In this embodiment, the interposer 415 may be considered to be the
substrate 305 and the motherboard 420 may be considered to be the
substrate 315. In embodiments, the joints 425, 430, and 435 may
include one or more solder balls 440 that may be similar to solder
ball 310. In some embodiments, the solder joints 425 may be
referred to as a first level interconnect (FLI). In some
embodiments the solder joints 430 may be referred to as a mid level
interconnect (MLI). In some embodiments, the solder joints 435 may
be referred to as a second level interconnect (SLI).
[0042] It will be recognized that the relative sizes of the die
405, patch 410, interposer 415, and motherboard 420 are intended
merely as illustrative examples in FIG. 4, and in other boards the
size of the various elements may be different. Additionally, in
some embodiments certain elements such as the patch 410 and/or
interposer 415 may not be present. In some embodiments, the number
of solder balls in the solder joints 425, 430, and/or 435 may be
different than what is illustrated in FIG. 4.
[0043] FIG. 5 depicts an example 500 of shear modulus of an
off-eutectic solder (represented by line 505) and a legacy eutectic
solder (represented by line 510). Specifically, the off-eutectic
solder may have a solidus temperature of approximately 140.degree.
C. and a liquidus temperature of approximately 175.degree. C. The x
axis of FIG. 5 may depict reflow temperature in .degree. C., and
the y axis of FIG. 5 may depict the shear modulus measured in
Pascals (Pa). As can be seen, at a reflow temperature of
approximately 160.degree. C., the shear modulus of the line 505
related to off-eutectic solder may be approximately 10.times. that
of the line 510 related to the legacy eutectic solder 510.
[0044] Similarly, FIG. 6 depicts an example 600 of viscosity of an
off-eutectic solder (represented by line 605) and a legacy eutectic
solder (represented by line 610). The off-eutectic solder may have
a solidus temperature of approximately 140.degree. C. and a
liquidus temperature of approximately 175.degree. C. The x axis of
FIG. 6 may depict reflow temperature in .degree. C., and the y axis
of FIG. 6 may depict viscosity in Pascals per Second (PaS). As can
be seen, at a reflow temperature of approximately 160.degree. C.,
the viscosity of the off-eutectic solder as represented by line
605, may be approximately 10x that of the legacy eutectic solder,
as represented by line 610.
[0045] This significantly increased shear modulus and viscosity may
reduce the structural deformation of off-eutectic solder balls
during a reflow process at a temperature between the solidus and
liquidus temperatures of the off-eutectic solder. The reduced
structural deformation may reduce bridging between solder balls of
the BGA 100, the package 300, and/or the IC package 400.

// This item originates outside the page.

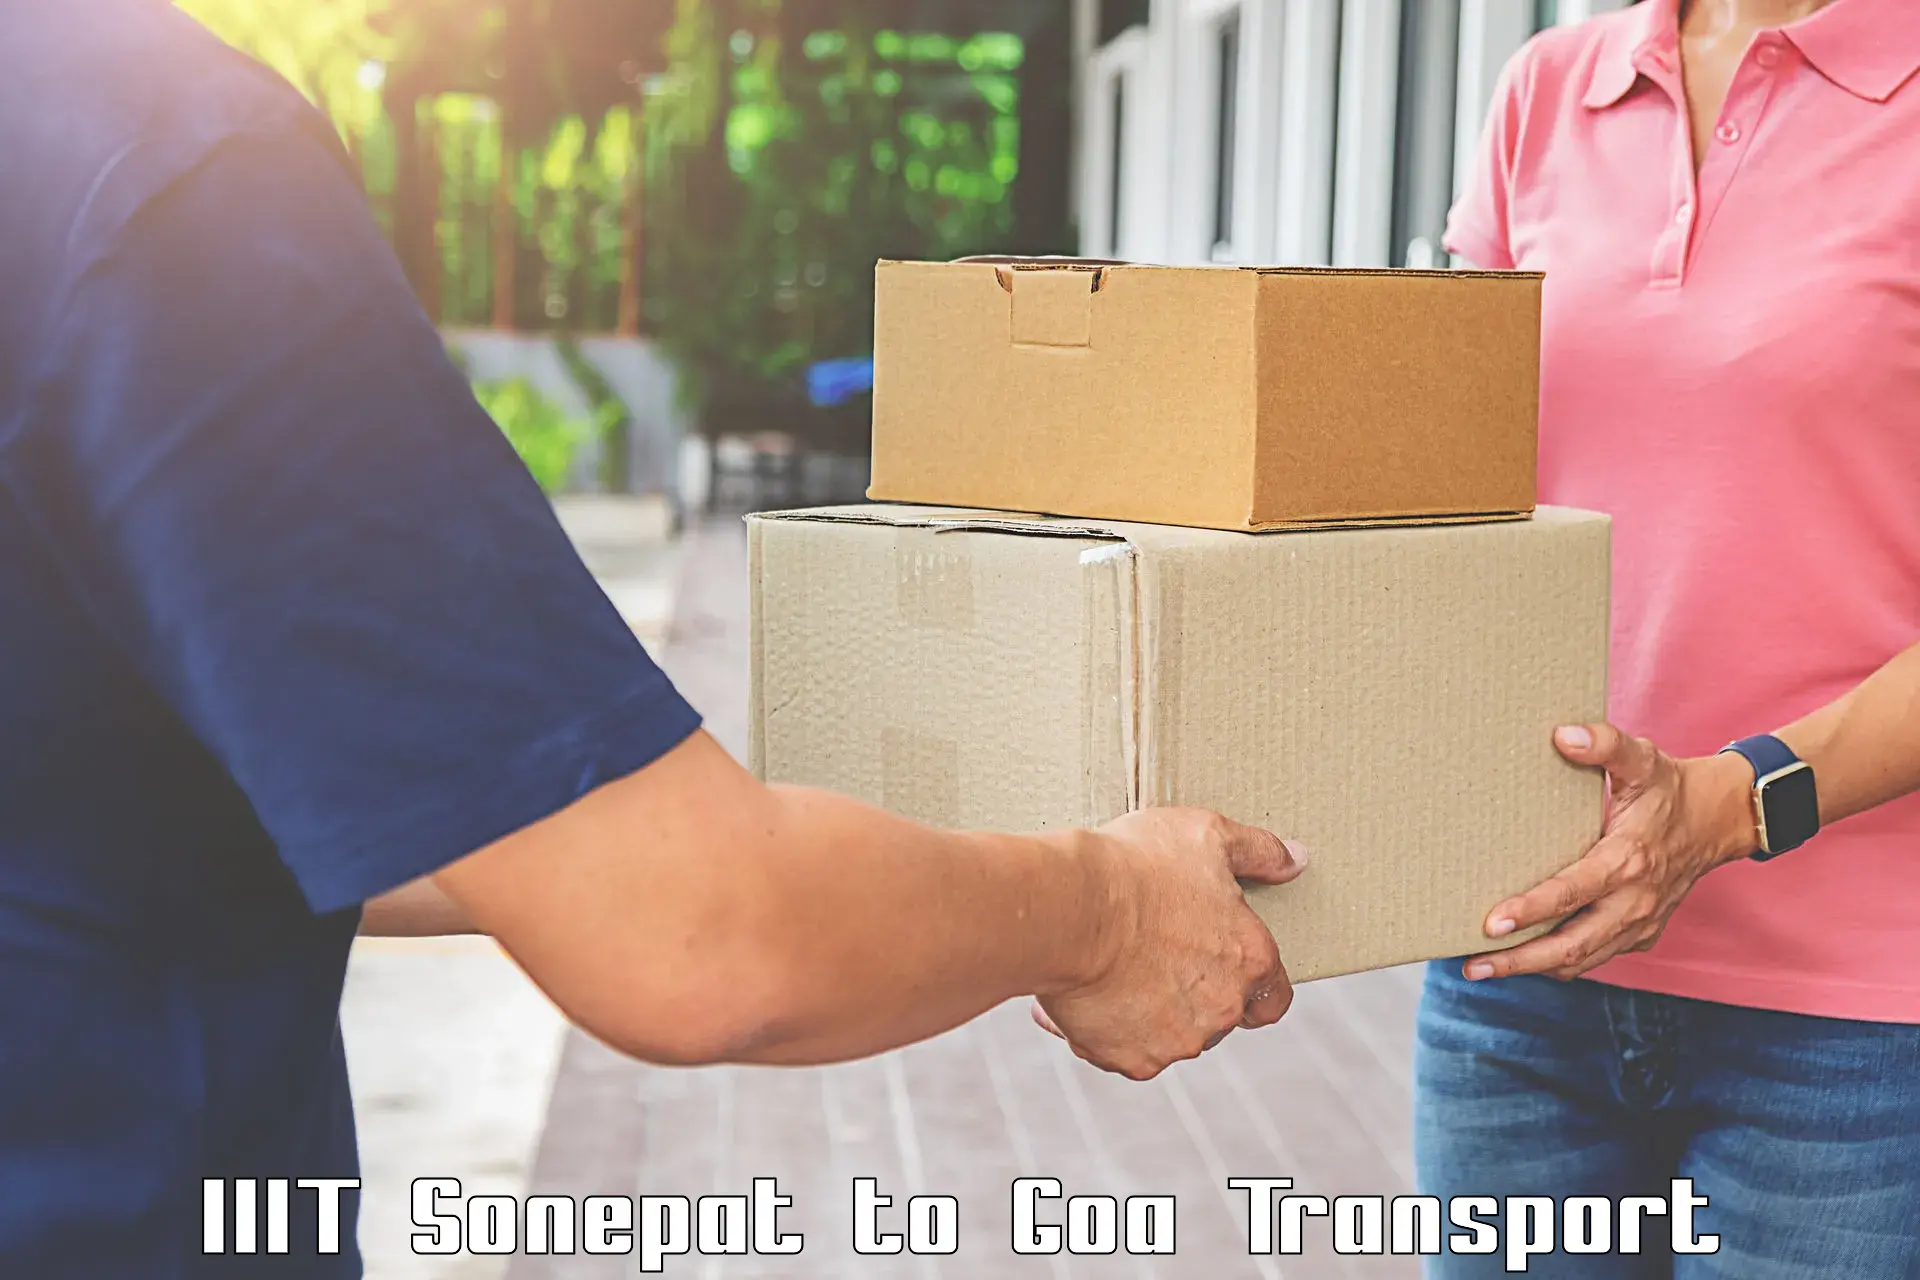 Cargo transportation services IIIT Sonepat to IIT Goa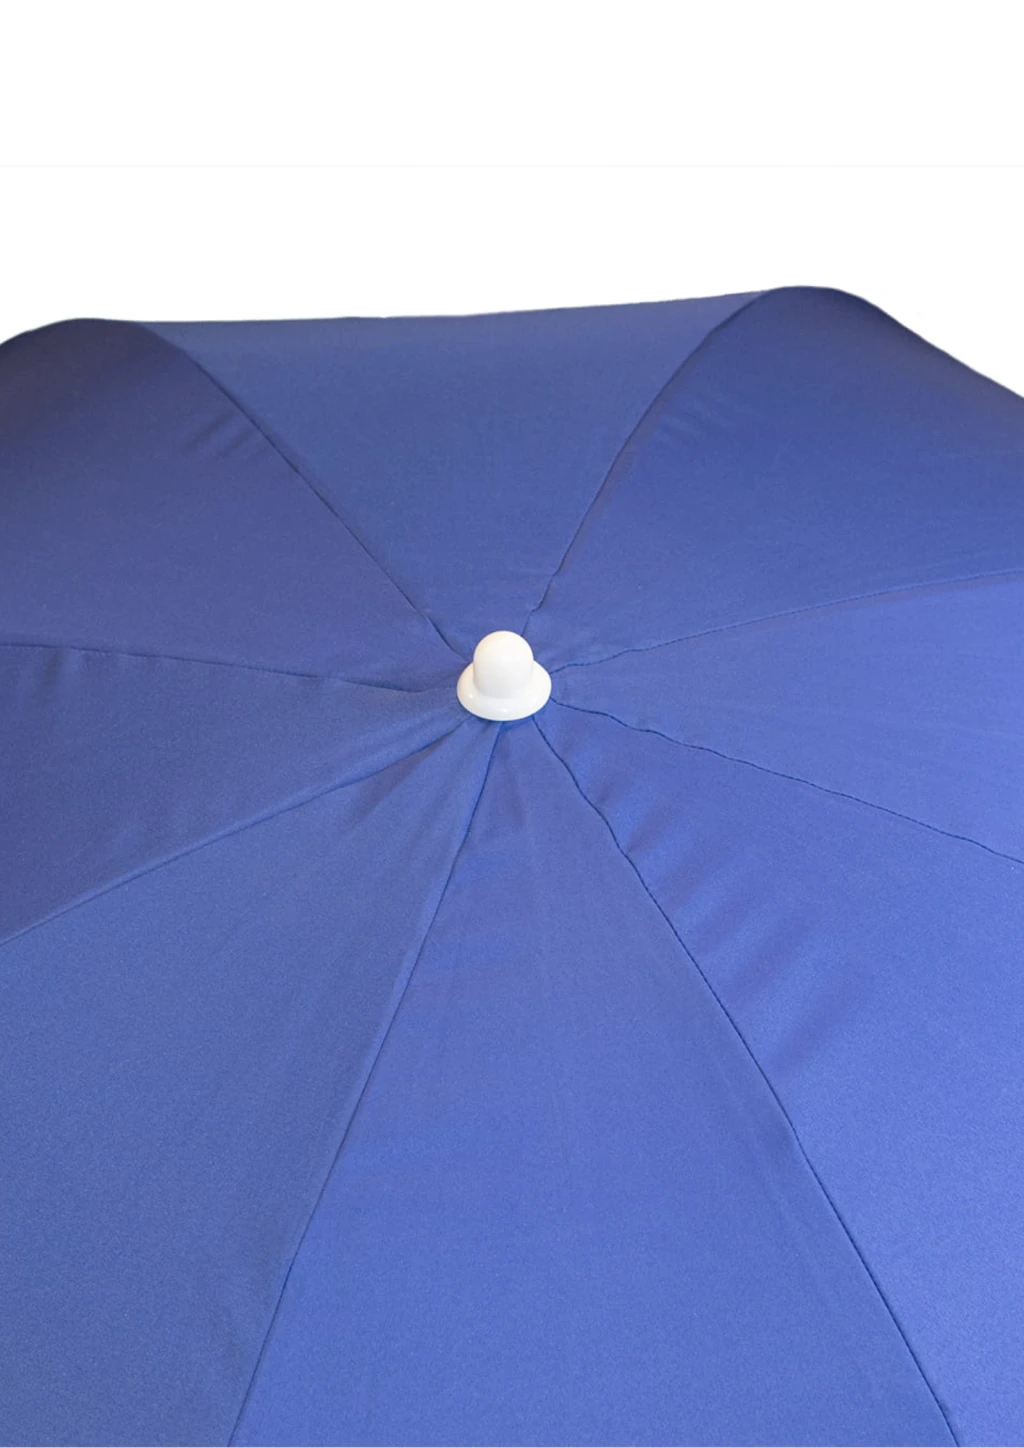 Зонтик садовый Jumi Garden 240см синий

[0046] FIG. 7 depicts an example process 700 for constructing a
package such as package 300.
[0047] In embodiments, the process 700 may include heating a
plurality of solder balls of an off-eutectic solder material to a
temperature lower than liquidus temperature of the off-eutectic
solder material at 705. The solder balls may be solder balls of a
BGA package such as BGA package 100. For example, in some
embodiments the solder balls may be similar to solder balls 110,
115, or 310, and the BGA package may include a substrate such as
substrate 105 or 305. Specifically, if the liquidus temperature of
the off-eutectic solder material is, for example, approximately
175.degree. C., then the process may include heating the
off-eutectic solder material to a temperature of between
approximately 150.degree. C. and 160.degree. C. This heating may
occur, for example, during a reflow process.
[0048] The process 700 may further include coupling, while the
off-eutectic solder material is at the temperature lower than the
liquidus temperature of the off-eutectic solder material, the
solder balls to a substrate at 710. The coupling may result in
forming a plurality of solder joints between the BGA package and a
substrate such as substrate 315.
[0049] Embodiments of the present disclosure may be implemented
into a system using any interposers, IC packages, or IC package
structures that may benefit from the off-eutectic solder material
and manufacturing techniques disclosed herein. FIG. 8 schematically
illustrates a computing device 800, in accordance with some
implementations, which may include one or more BGAs such as BGA
100, packages such as package 300, and/or IC packages such as IC
package 400. For example, the substrates 105 and/or 305, or the die
405 may include a storage device 808, a processor 804, and/or a
communication chip 806 of the computing device 800 (discussed
below).
[0050] The computing device 800 may be, for example, a mobile
communication device or a desktop or rack-based computing device.
The computing device 800 may house a board such as a motherboard
802. In embodiments, the motherboard 802 may be similar to
substrate 315 and/or motherboard 420. The motherboard 802 may
include a number of components, including (but not limited to) a
processor 804 and at least one communication chip 806. Any of the
components discussed herein with reference to the computing device
800 may be arranged in or coupled with a BGA such as BGA 100, or
incorporated into package 300 or IC package 400 as discussed
herein. In further implementations, the communication chip 806 may
be part of the processor 804.
[0051] The computing device 800 may include a storage device 808.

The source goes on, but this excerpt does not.